Why is the Subwords class separated from FiniteWord?

asked 2018-07-11 04:40:01 +0100

evandomme gravatar image

Subwords could be a method of FiniteWord as factors is already one. Is there a reason why this is not the case?

edit retag flag offensive close merge delete

2 Answers

Sort by » oldest newest most voted
2

answered 2018-07-11 09:49:07 +0100

Sébastien gravatar image

The module subword.py was created in 2007 during the translation by Mike Hansen of 30k lines of code from Mupad-Combinat to sage. Around the same time, in 2008, the module sage/combinat/words was created and nothing has ever been done to merge the two.

Notice that the code in subword.py is based on itertools.combinations and no wiser algorithm is coded to enumerate distinct subwords.

sage: s = Subwords('aaaaa', 3)
sage: s.__iter__??
       ...
       iterator = itertools.combinations(self._w, self._k)
       ...
sage: list(s)
['aaa', 'aaa', 'aaa', 'aaa', 'aaa', 'aaa', 'aaa', 'aaa', 'aaa', 'aaa']

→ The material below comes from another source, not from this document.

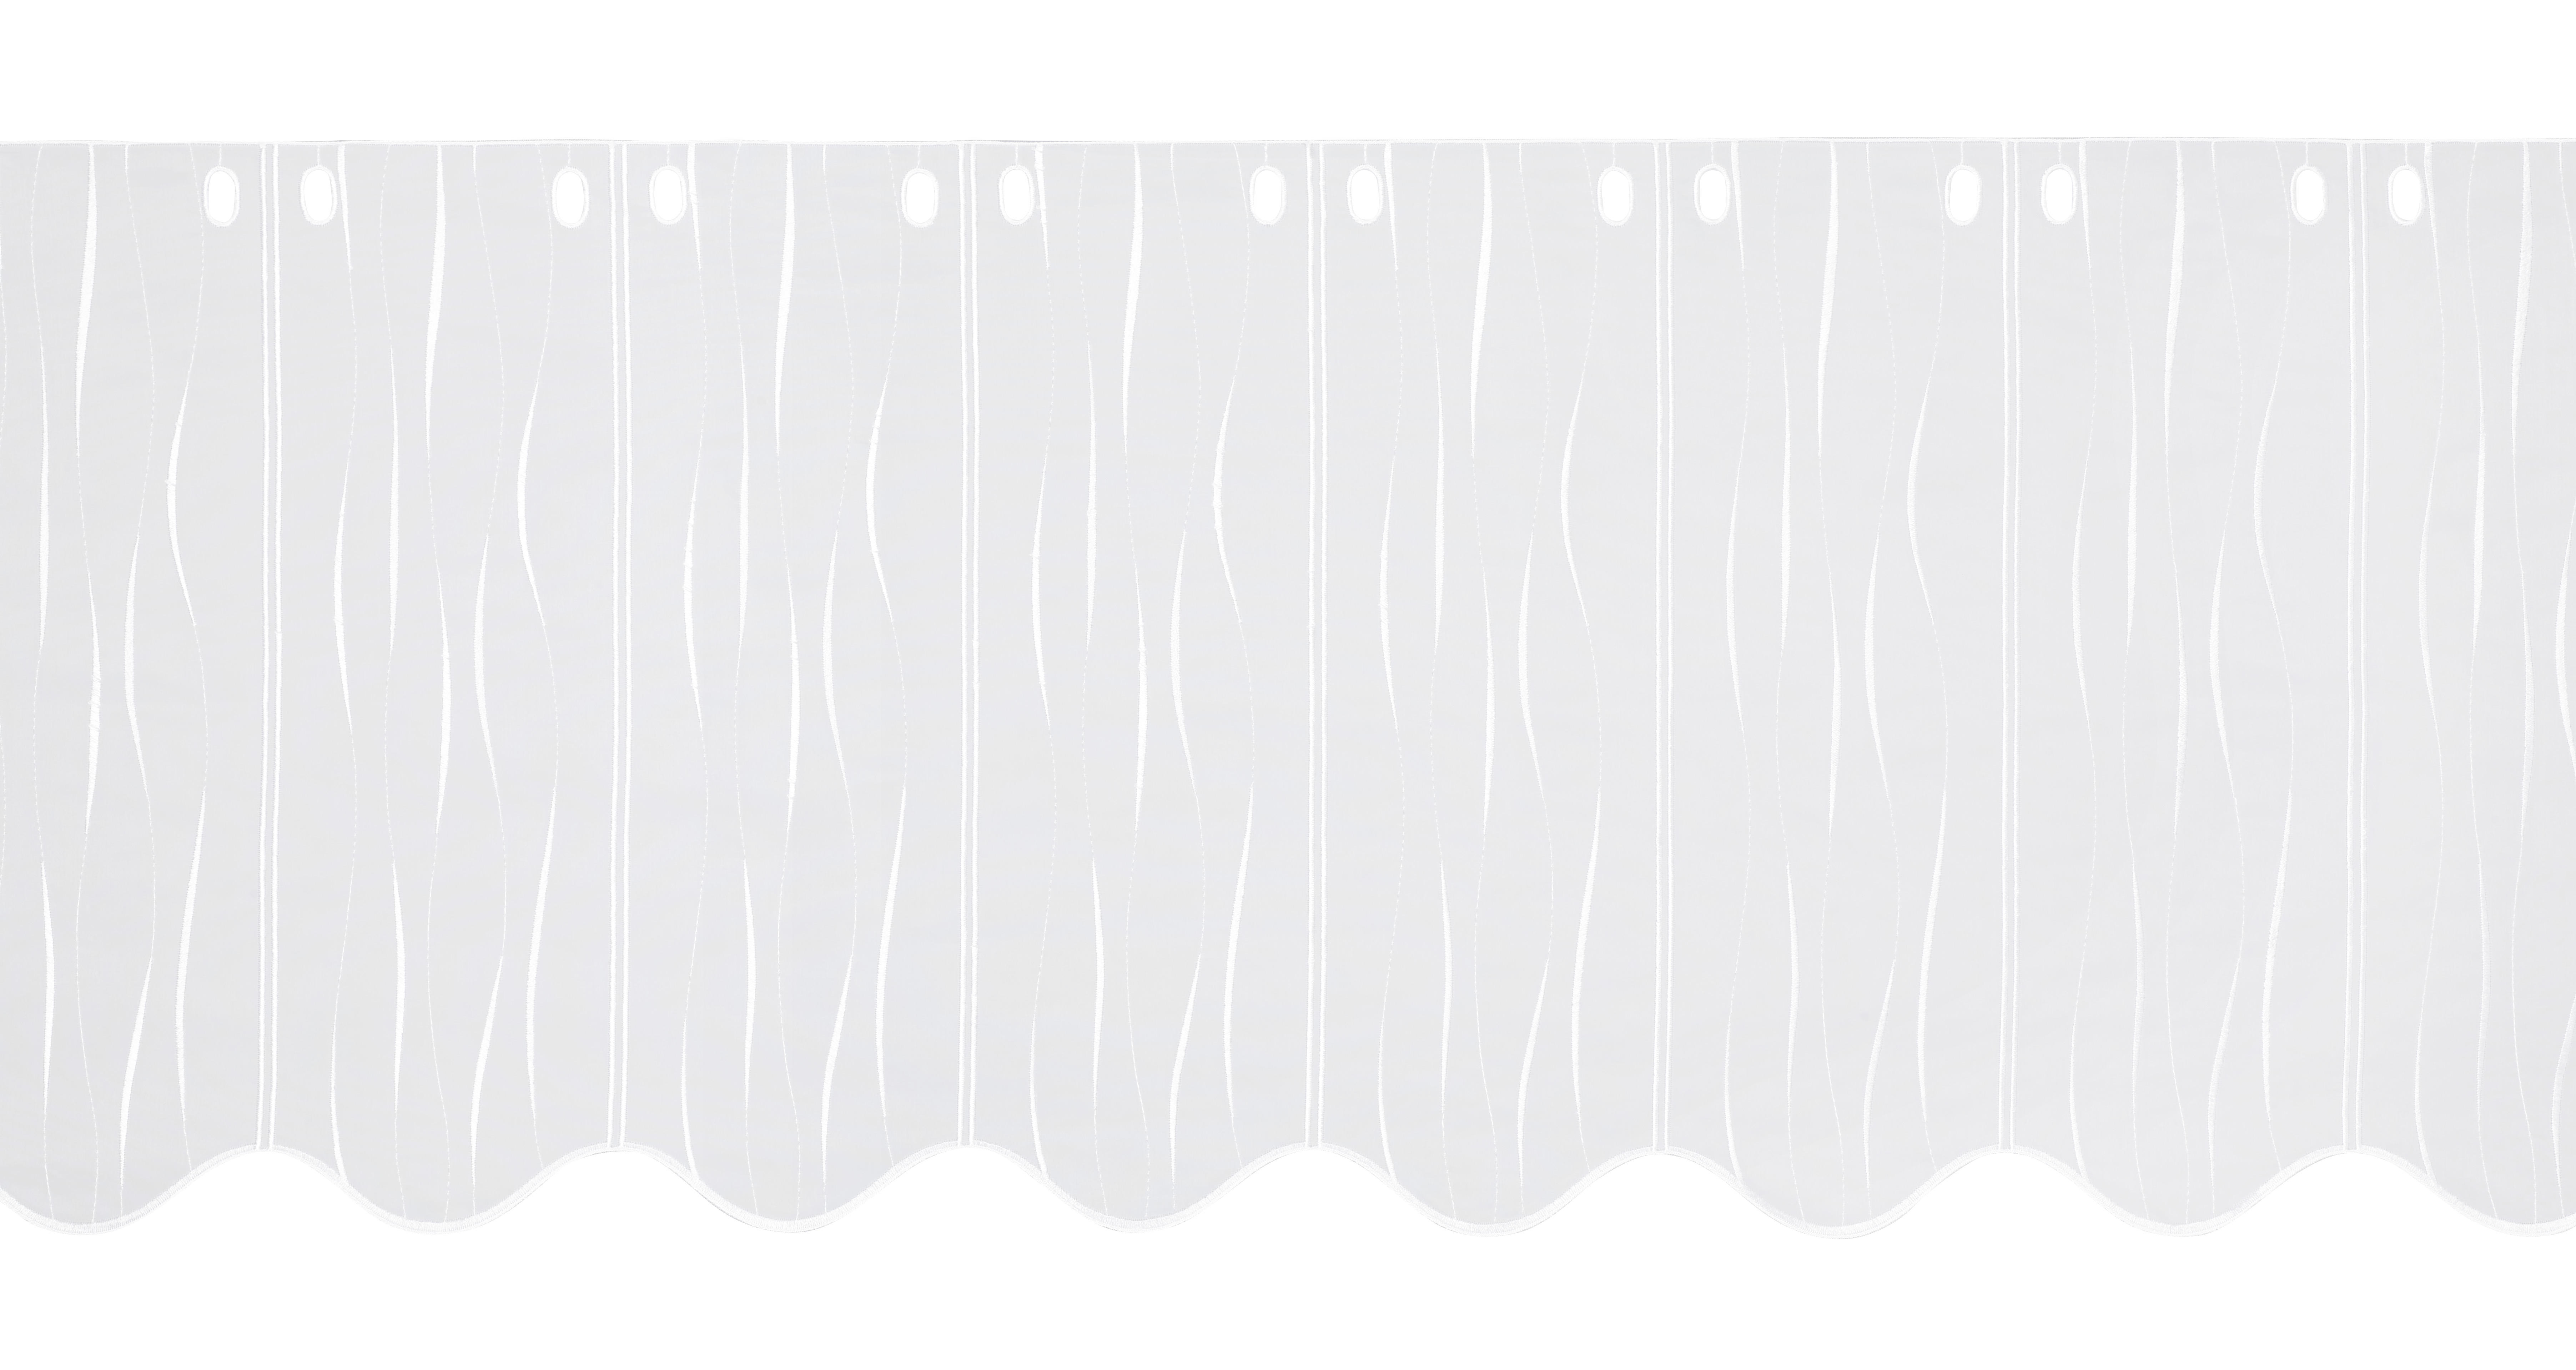 KURZGARDINE 50 cm   - Weiß, KONVENTIONELL, Textil (50cm) - Esposa
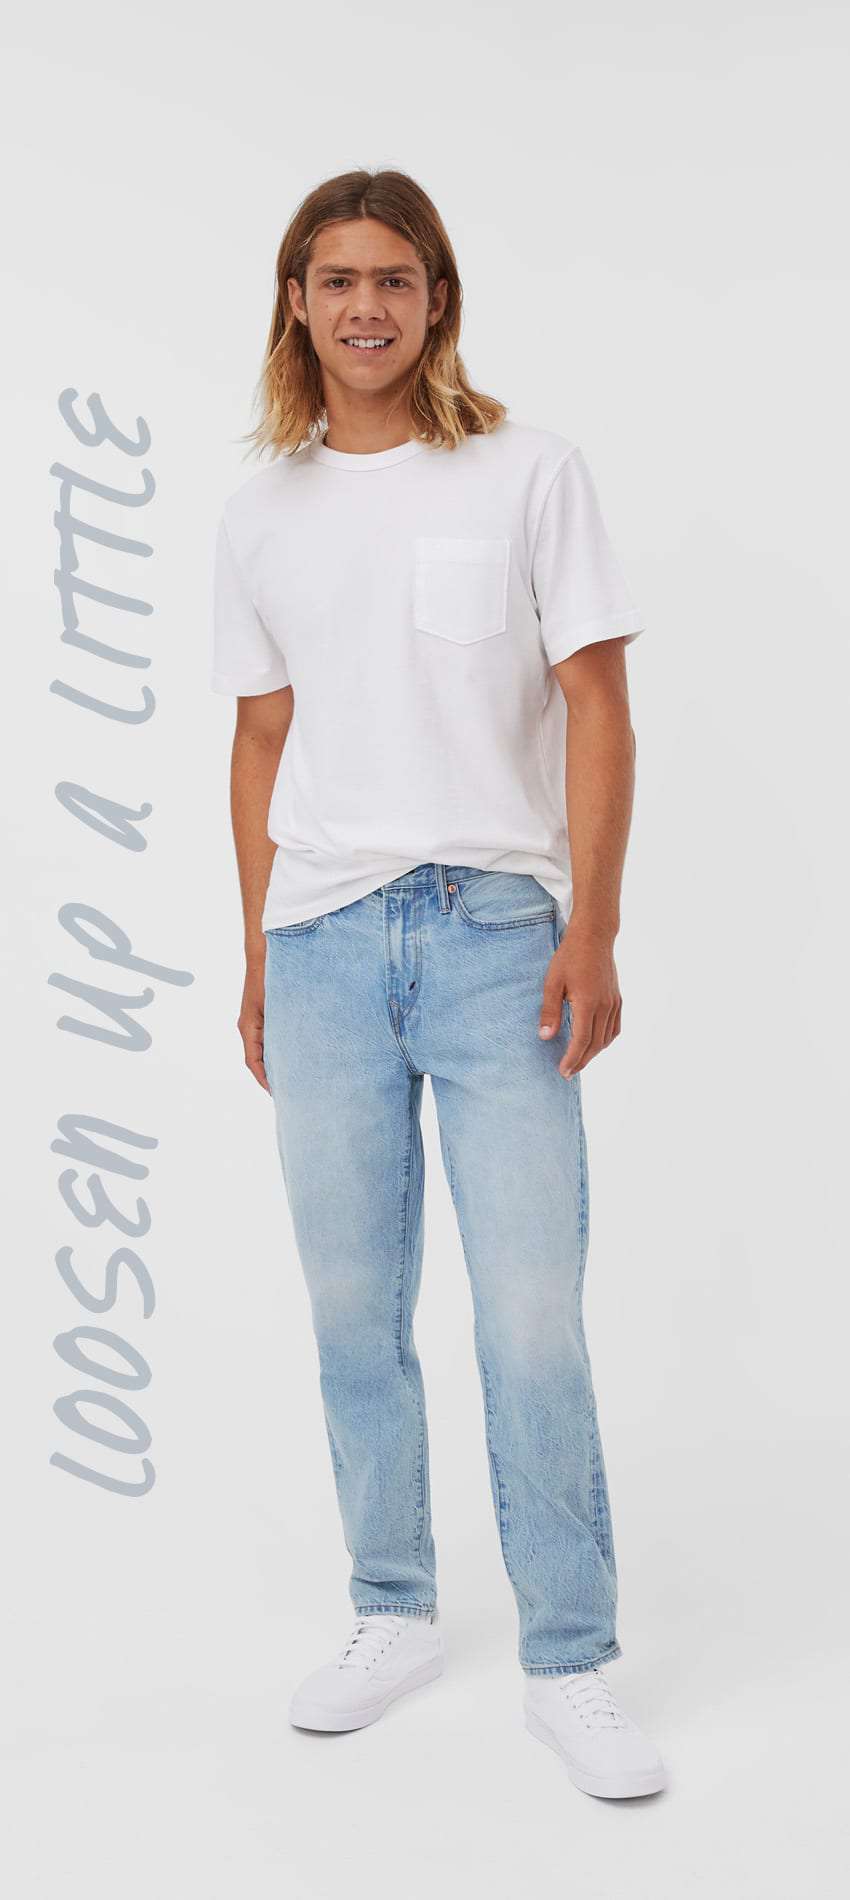 Formen vente ventilator Men's Jeans: Skinny, Slim, Athletic & More | American Eagle

If you know the existence of a better algorithm, you are welcome to add it to the finite_word.py file which contains already 3 methods related to subwords:

sage: w = Word('abc')
sage: w.*subword*?
w.is_subword_of
w.longest_common_subword
w.nb_subword_occurrences_in
edit flag offensive delete link more
1

answered 2018-07-11 18:16:24 +0100

vdelecroix gravatar image

updated 2018-07-11 18:17:54 +0100

Here is a function that compute the set of subwords (no repetition)

def subwords(w, W=None):
    r"""
    Return the subwords of ``w`` without repetition.

    INPUT:

    - ``w`` - a finite word (or string or list)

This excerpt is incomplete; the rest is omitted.